The report authors also said industry and government investments in practices to increase sustainability, reduce greenhouse gas emissions, maintain social licence, and produce new outputs while maintaining agricultural production — such as enhanced biodiversity — will be required.

“At the same time, practices will also need to enhance climate adaptation and productivity growth.

“Research & development needs to focus on both improving productivity and on addressing climate change,” they said.

A two-part ABARES Insights series on Australian agriculture draws attention to how changes in the sector over past decades have led to its current success and what will shape its future performance.

Dr Greenville said farmers have made the most of exceptional growing seasons and high global prices to achieve unprecedented industry production and export values over the last three years.

“The sector has had some remarkable results lately, and while the recent flooding will mean some forecasts will have to be revised, 2022-23 is still going to be a good year for many.

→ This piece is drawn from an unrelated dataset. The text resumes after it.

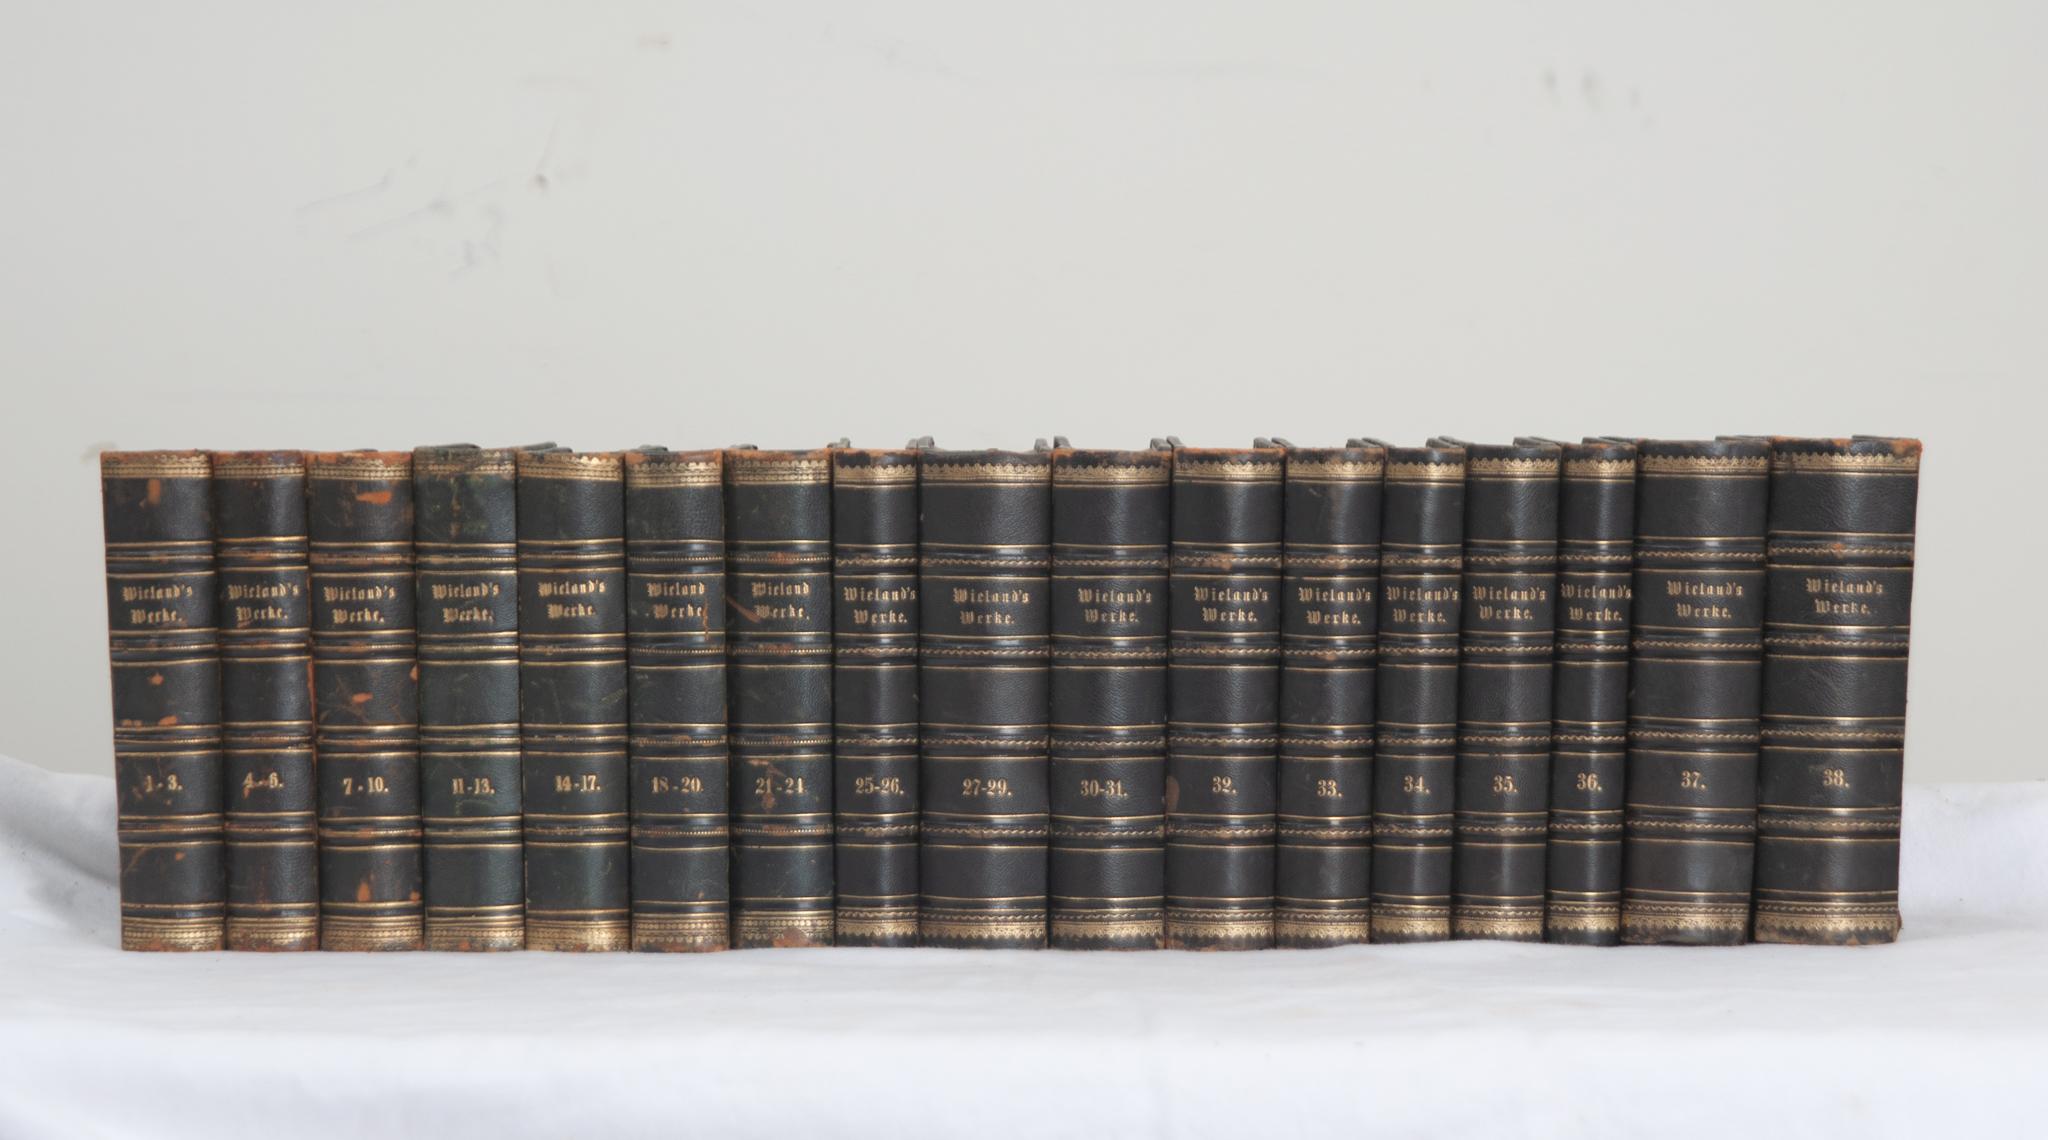 A collection of seventeen volumes of works by German poet and novelist Christoph Martin Wieland. This set of Wieland’s Werkes is bound in pressed fabric with gold lettering. Written in 1767, this set details the life and complete works of the famous

“Over the last few decades, we’ve seen policy reforms that have opened up Australian agriculture to increased competition, driving productivity and allowing Australian agriculture to make the most of opportunities available to the sector,” he said.

“A number of trends have helped shape what agriculture looks like today – increased research and development, and investment has supported both productivity growth and innovation across the sector, while improved risk management has improved the resilience of farmers to climate and commodity price volatility.

“How Australia produces food and fibre today is very different to the past,” he said.

“More change should be expected as the sector continues to be shaped by existing and emerging mega-trends including global income growth, climate change, and the contested trading and geopolitical landscape.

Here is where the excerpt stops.